Seperti namanya, teknik relaksasi otot digunakan untuk membantu menurunkan


ketegangan otot. Teknik ini juga membantu kita lebih memahami tubuh, sehingga diharapkan
kita mampu mengendalikannya. Perlu diperhatikan bahwa penderita gangguan otot atau nyeri
punggung bawah tidak disarankan untuk melakukan teknik ini.
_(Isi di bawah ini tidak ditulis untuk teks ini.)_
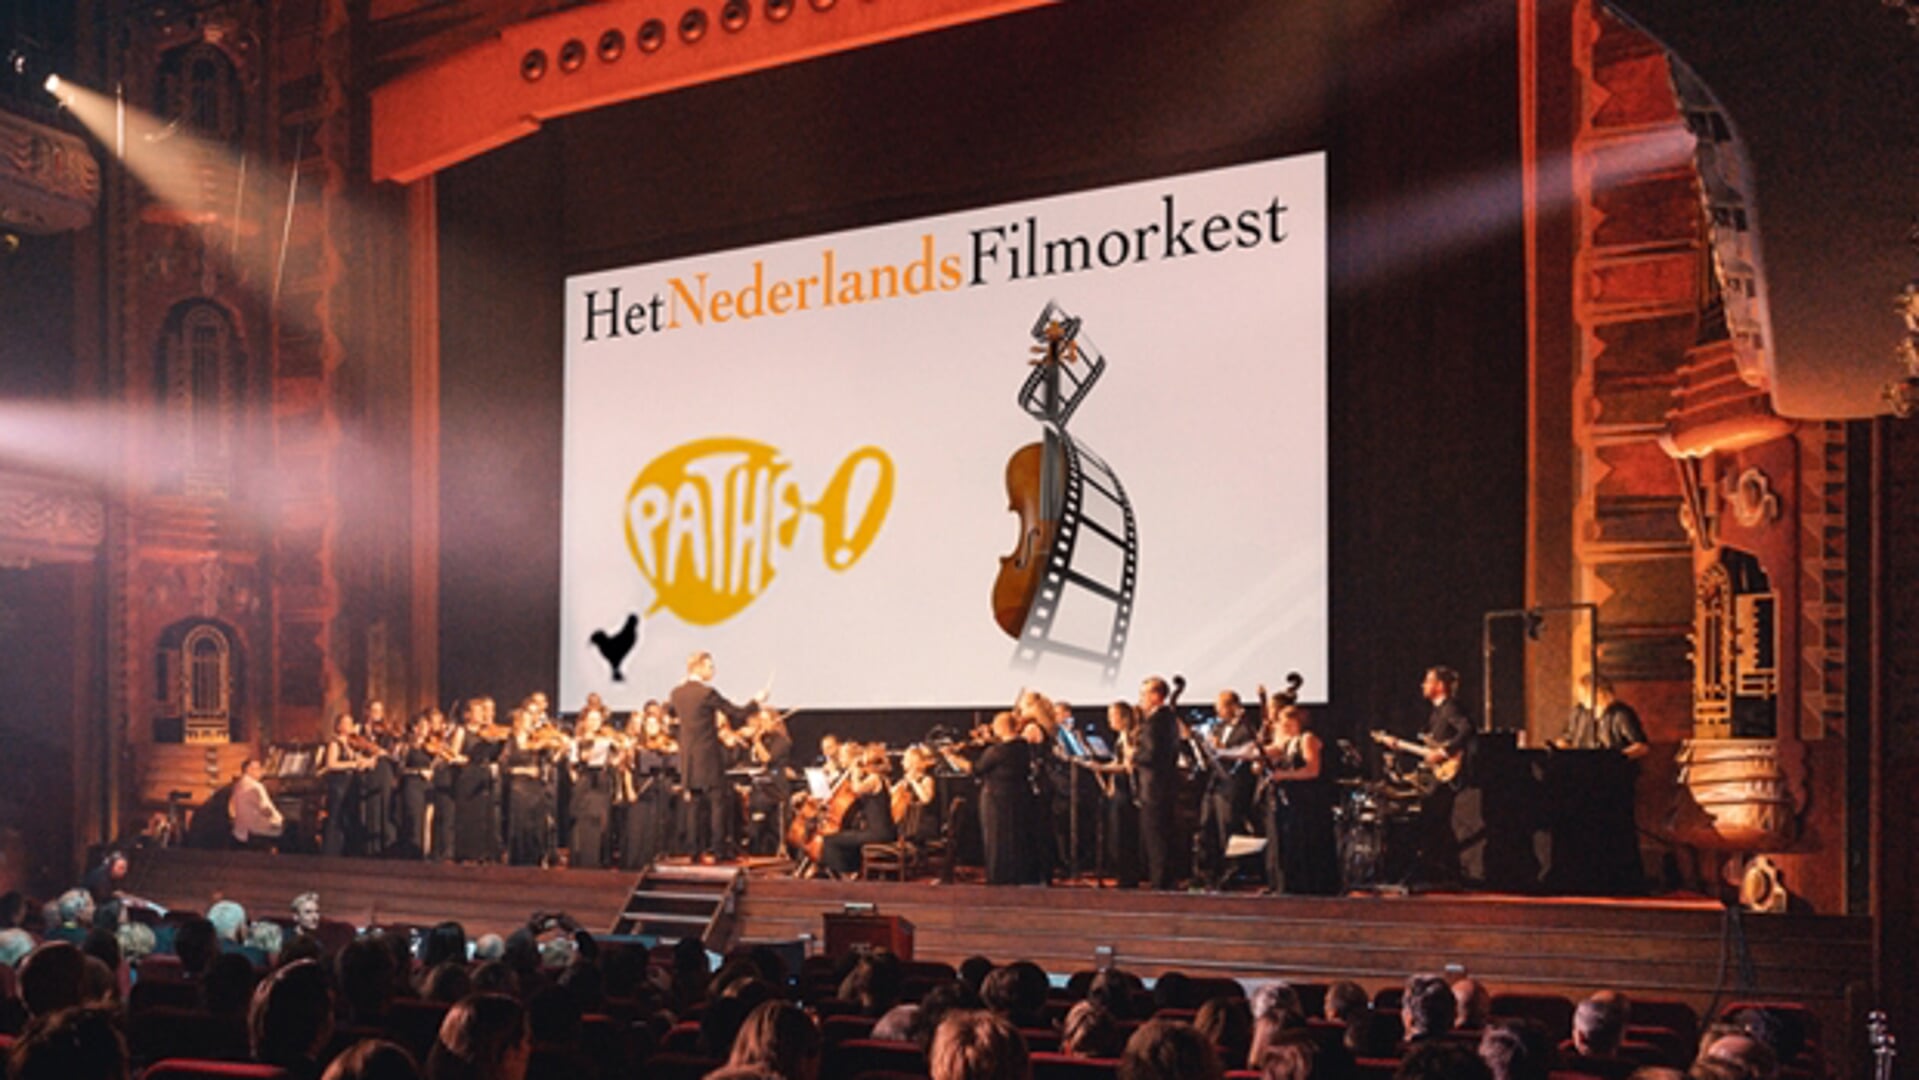 Het Nederlands Filmorkest.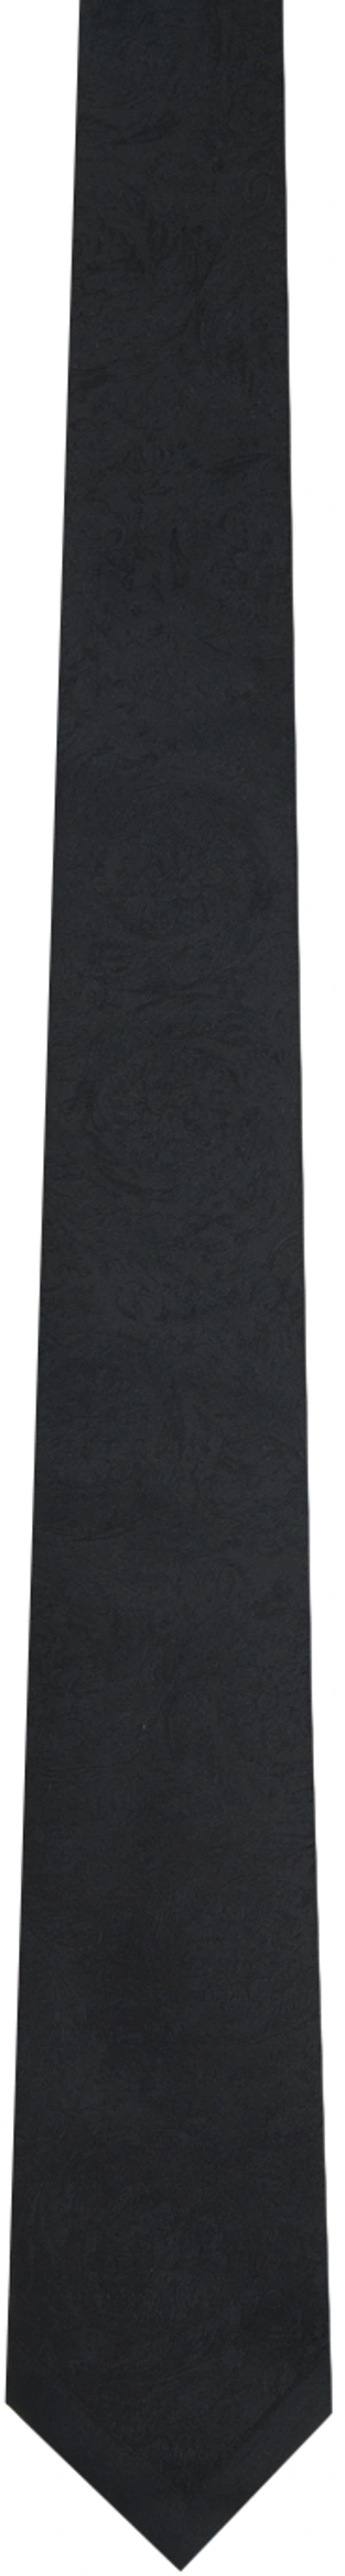 Versace Black Barocco Tie In 1b000-black

Teknik relaksasi otot bisa
dilakukan dengan:

 Tense up and letting go


Teknik ini dilakukan dengan menegangkan otot sekitar 5 hingga 10 detik, kemudian
melemaskannya selama kurang lebih 30 detik.
 Letting go
Berbeda dengan tense up and letting go, teknik ini justru dilakukan hanya dengan cara
melemaskan otot tanpa menegangkannya terlebih dahulu.

2. Teknik relaksasi pernapasan

Menurut National Safety Council, teknik pernapasan ini adalah salah satu teknik relaksasi
termudah, mengingat bernapas adalah salah satu aktivitas yang sering kita lakukan. Teknik ini
selain dapat menurunkan kecemasan dan mengurangi stres, juga mampu meningkatkan proses
pernapasan dalam tubuh. Langkah-langkah yang dapat dilakukan dalam teknik ini antara lain:

 Tenangkan diri Anda


 Tarik napas melalui hidung selama 3 hitungan, lalu tahan selama 5 hingga 10
detik
 Hembuskan udara tadi melalui mulut secara perlahan

3. Teknik imajinasi terbimbing

Sama seperti namanya, teknik ini dilakukan dengan berkhayal atau membayangkan
sesuatu. Selain mengelola stres, beberapa penelitian mengungkapkan bahwa teknik ini juga
mampu mengurangi kesulitan tidur yang dialami oleh beberapa kalangan usia, seperti lanjut usia
(lansia).
Pada teknik ini, Anda dilatih untuk fokus hanya kepada imajinasi yang menyenangkan,
dan menggunakan imajinasi-imajinasi tersebut untuk menghilangkan imajinasi yang negatif.
Teknik ini dapat dipandu oleh diri sendiri maupun orang lain.